The strengthening commercial real estate market shows confidence in the economy, which is a welcome change from the weak start to this decade. Buyers looking to acquire at this stage in the game, however, need to do so with an extra measure of due diligence, including a baseline business understanding of the market itself as well as the physical property.
There are two primary reasons for being more vigilant in the current market. The first is that many of the investors who purchased properties in 2010- 2014 did so with a speculative or value add strategy. They had a low basis and quite often, didn’t spend the customary time or money normally devoted to due diligence. Why? A majority of the deals were made with banks, receivers or directly from owners on a short-sale basis. As a result, there were no representations or warranties made – which put would-be acquirers squarely in the buyer-beware zone.
For those entering the market in 2016, that means you can’t just assume that the previous buyer conducted the appropriate amount of due diligence. Even if you or your clients are not steeped in the commercial real estate world, you can understand the situation from a residential perspective. Think about the glut of houses that were superficially executed fix-and-flips with new carpet and a fresh coat of paint, but didn’t touch the plumbing, roof, wiring or other critical structural items. The same hazards can lurk within commercial properties as well – two or three years into a purchase and buyers end up having issues with properties bought on the cheap.
Of course, the low prices of the past few years allowed buyers to book the risk into the transaction.

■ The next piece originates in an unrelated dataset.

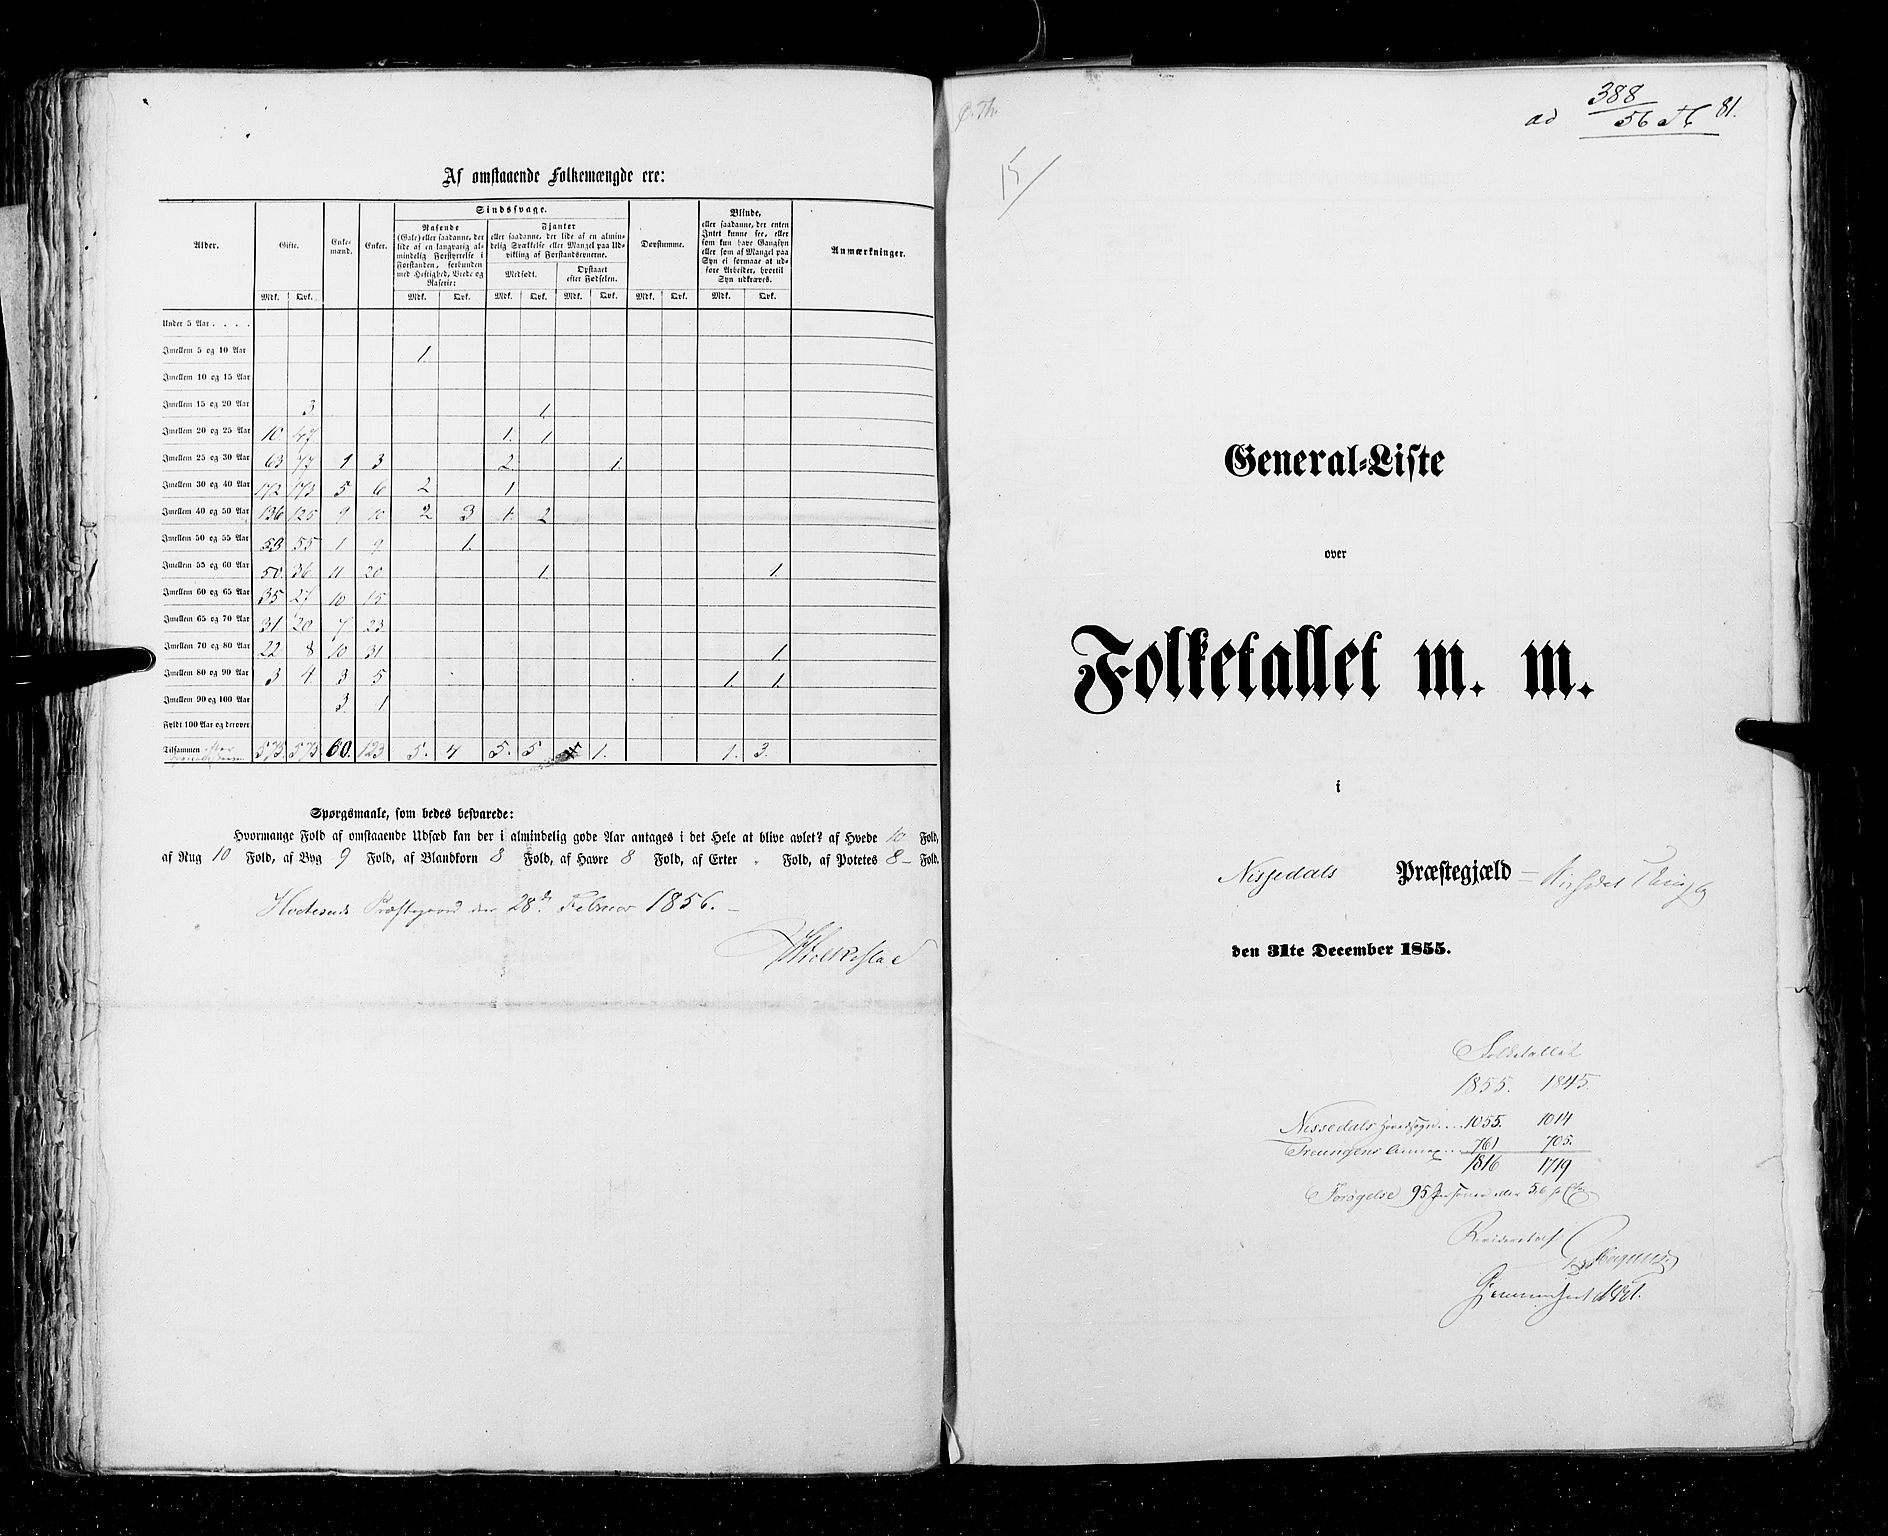 RA, Census 1855, vol. 3: Bratsberg amt, Nedenes amt og Lister og Mandal amt, 1855, p. 81
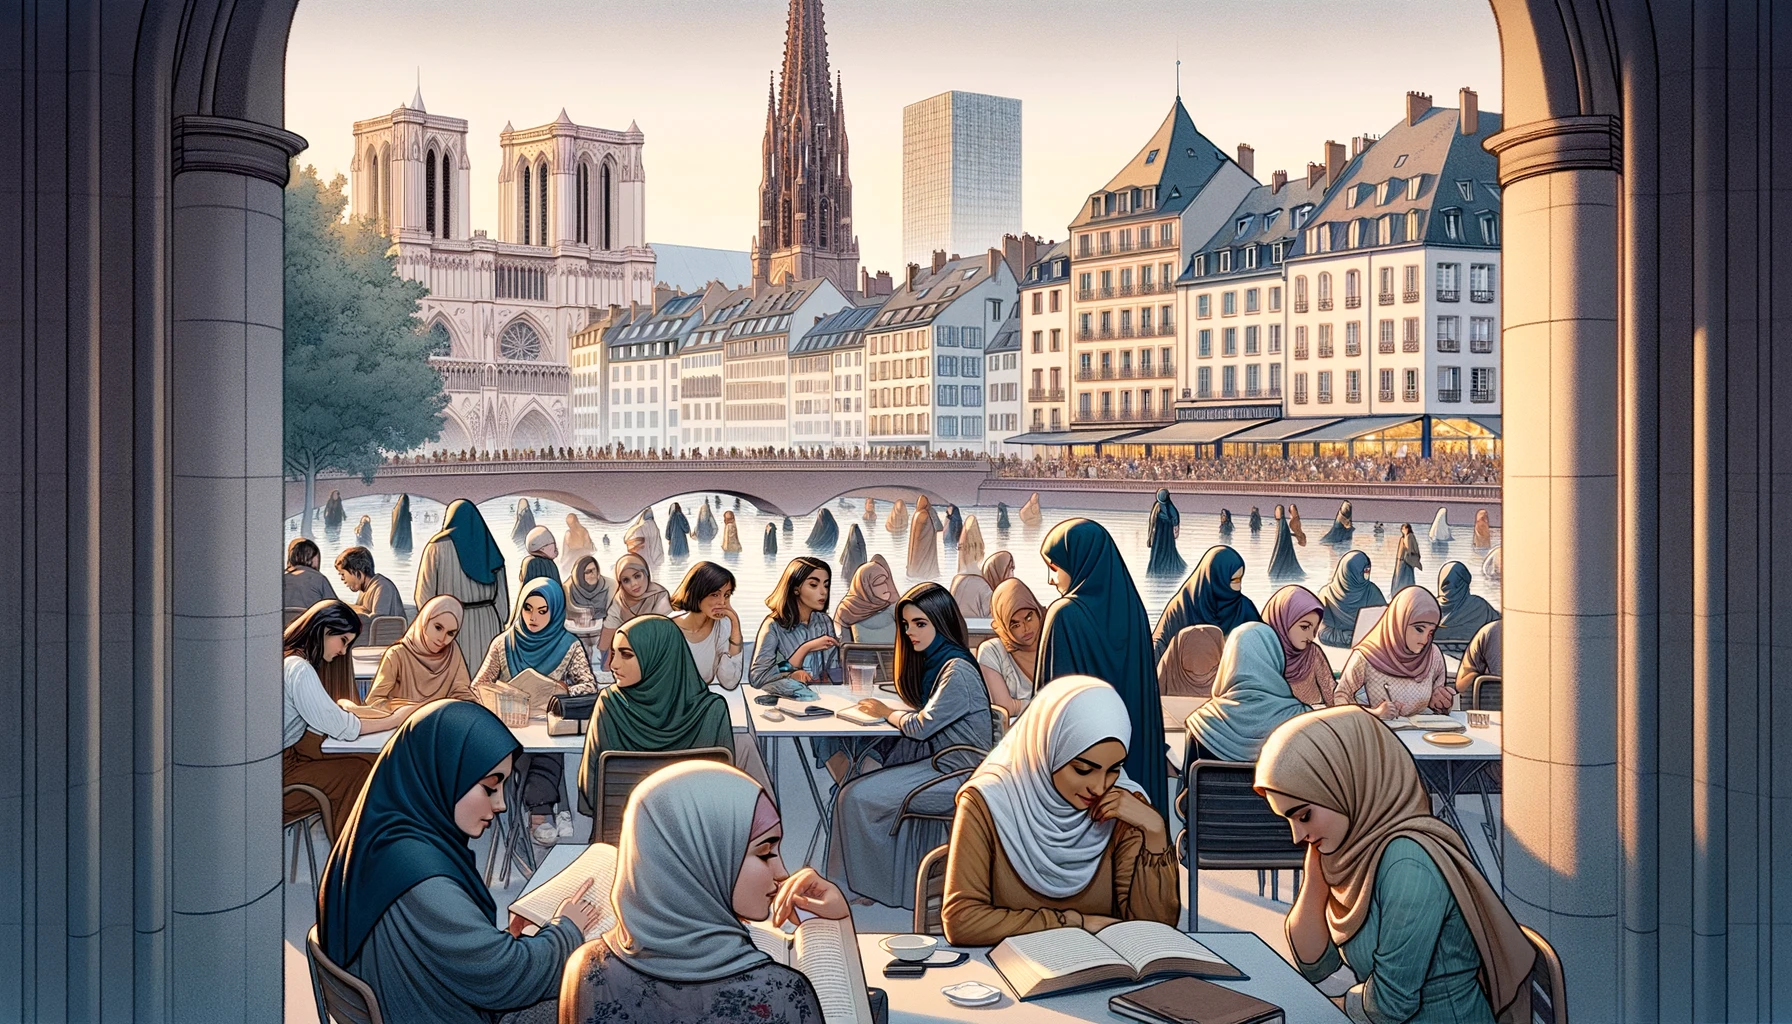 Comprendre l'Aaugmentation du Port du Voile Islamique parmi les Françaises : Causes et Implications Sociales

Currently, there’s not enough gravy in the deals to insulate you or your clients from hidden problems. A more thorough, independent review of the physical structure is in order, including and not limited to its physical condition, traffic and the availability of vehicular access and parking, utilities, environmental concerns, and Americans with Disabilities Act compliance and accessibility, among many others.
Distinguishing Between Performers & Pro Formas
The second, equally important aspect comes on the financial feasibility side. We’re getting to the stage in the market when pro forma financials, in which a broker or seller pitches a best-case scenario, are being touted instead of actual financials. This is happening because, in many instances, we’re in the third or fourth trade on a given asset. Margins are getting slimmer and it’s getting more difficult for the property owner to demonstrate value, so the pro forma becomes a way to justify ever-higher prices.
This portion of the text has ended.